Although the term "basis" holds various meanings in finance, it most frequently refers to the difference between the prices and the expenses involved in transactions when calculating taxes. Such usage relates to the broader terms "cost basis" or "tax basis" and is specifically used when capital gains or losses are calculated for income tax filings.
- In finance, basis is generally used to refer to the expenses or total costs of an investment.
- It can also be used to refer to the difference between the spot price of an asset and its corresponding derivative futures contract.
- Basis has important tax implications because it represents the costs associated with a product.
In another context, basis refers to the variation between the spot price of a deliverable commodity and the relative price of the futures contract. Basis may also be used in reference to securities transactions. Simply put, a security's basis is its purchase price after commissions or other expenses.
Basis in the Futures Market
In the futures market, basis represents the difference between the cash price of the commodity and the futures price of that commodity. It is a critically important concept for portfolio managers and traders to grasp because the relationship between cash and futures prices affects the value of the contracts used in hedging. But the concept is also fuzzy at times because there are gaps between spot and relative price until the expiry of the nearest contract, therefore the basis is not necessarily accurate.
In addition to the deviations created because of the time gap between the expiry of the futures contract and the spot commodity, there may be other variations due to actuals, different levels of product quality, and delivery locations. In general, the basis is used by investors to gauge the profitability of delivery of cash or the actual and is also used to search for arbitrage opportunities.
Basis as Cost
A security's basis is the purchase price after commissions or other expenses. It is also known as cost basis or tax basis. This figure is used to calculate capital gains or losses when a security is sold. For example, let's assume you purchase 1,000 shares of a stock for $7 per share. Your cost basis is equal to the total purchase price, or $7,000.

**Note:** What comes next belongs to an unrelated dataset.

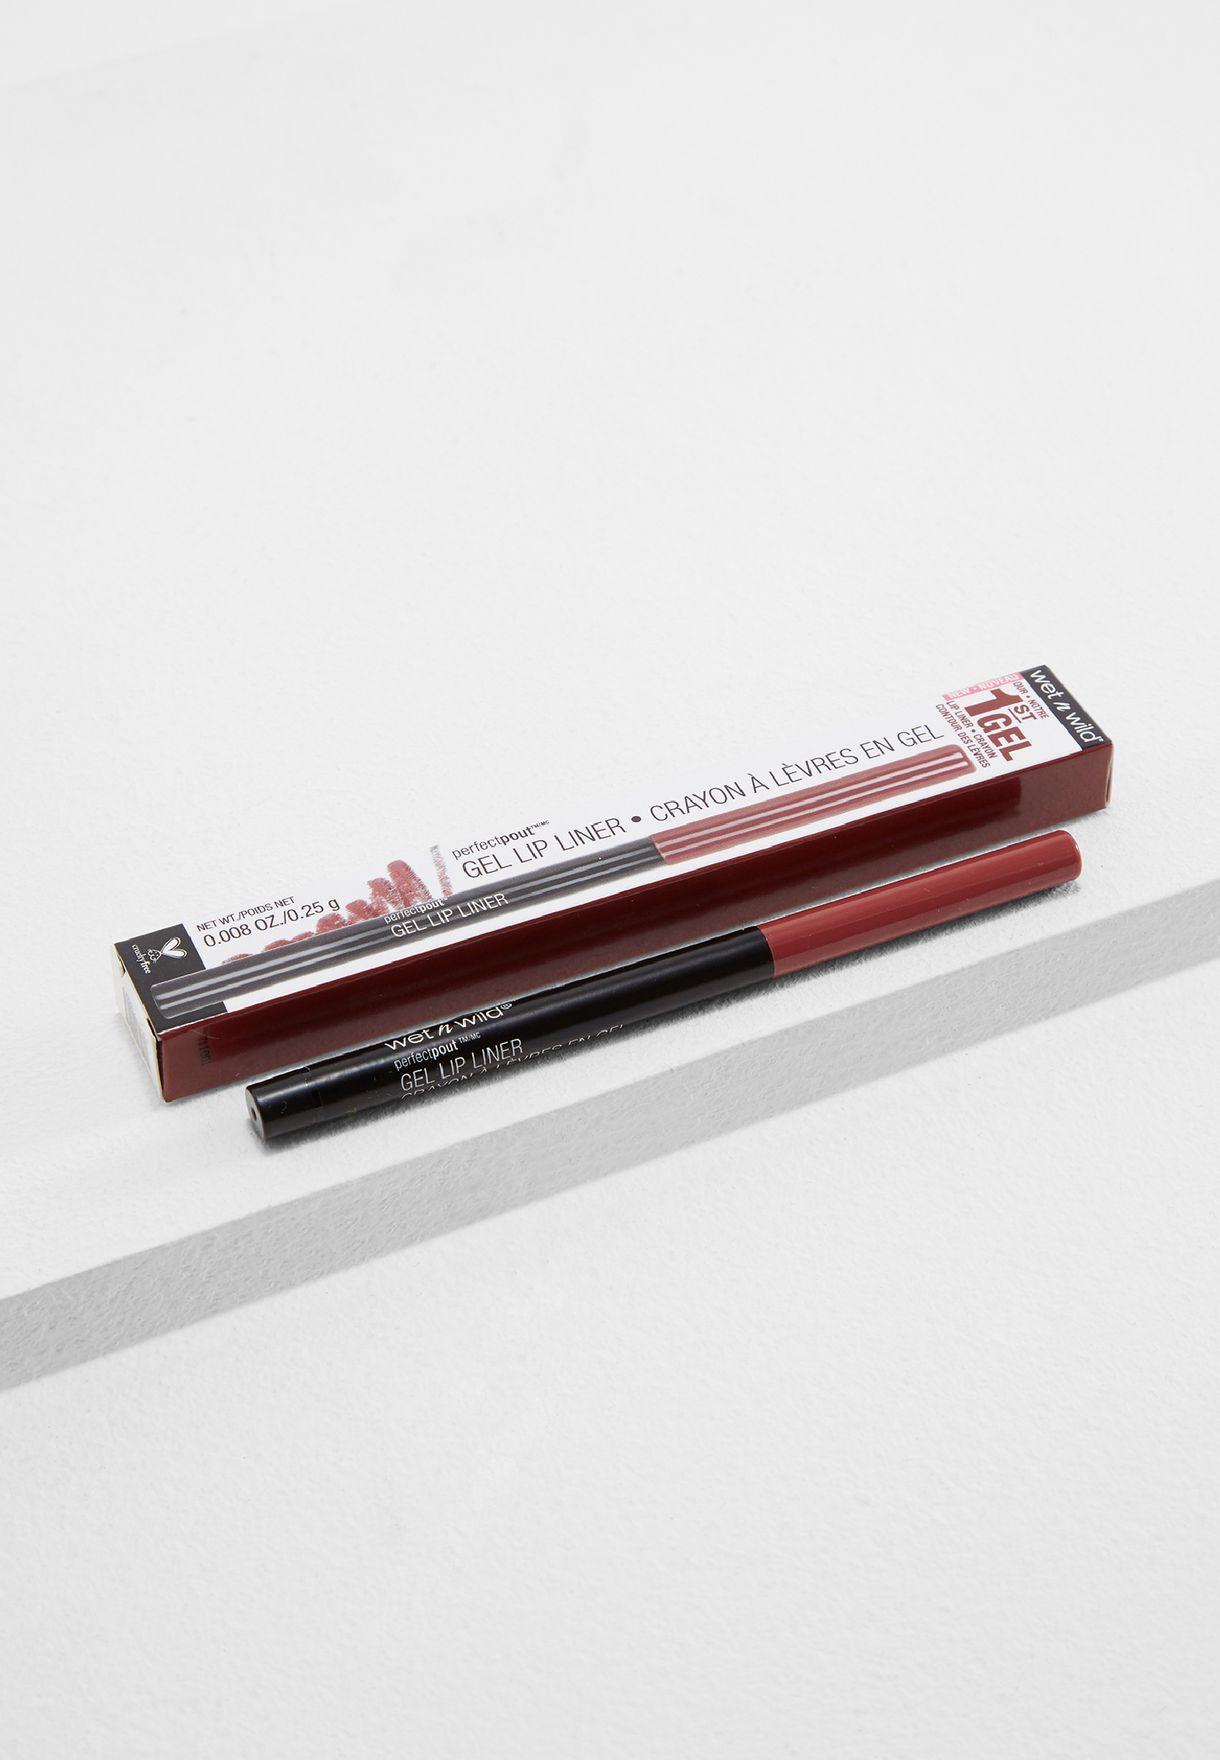 قلم تحديد شفاه جل بيرفكت باوت - جون برغندي

In the context of IRAs, basis originates from nondeductible IRA contributions and rollover of after-tax amounts. Earnings on these amounts are tax-deferred, similar to earnings on deductible contributions and rollover of pre-tax amounts. Distributions of amounts representing basis in an IRA are tax-free. However, to ensure that this tax-free treatment is realized, the taxpayer must file IRS Form 8606 for any year that basis is added to the IRA and for any year that distributions are made from any of the individual's traditional, SEP, or SIMPLE IRAs.
Failure to file Form 8606 may result in double taxation of these amounts and an IRS-assessed penalty of $50. For example, let's assume your IRA is worth $100,000, of which $20,000 was nondeductible contributions, which accounts for 20% of the total. This ratio of basis applies to withdrawals, so if you withdraw $40,000, 20% is considered basis and is not taxed, which calculates to $8,000.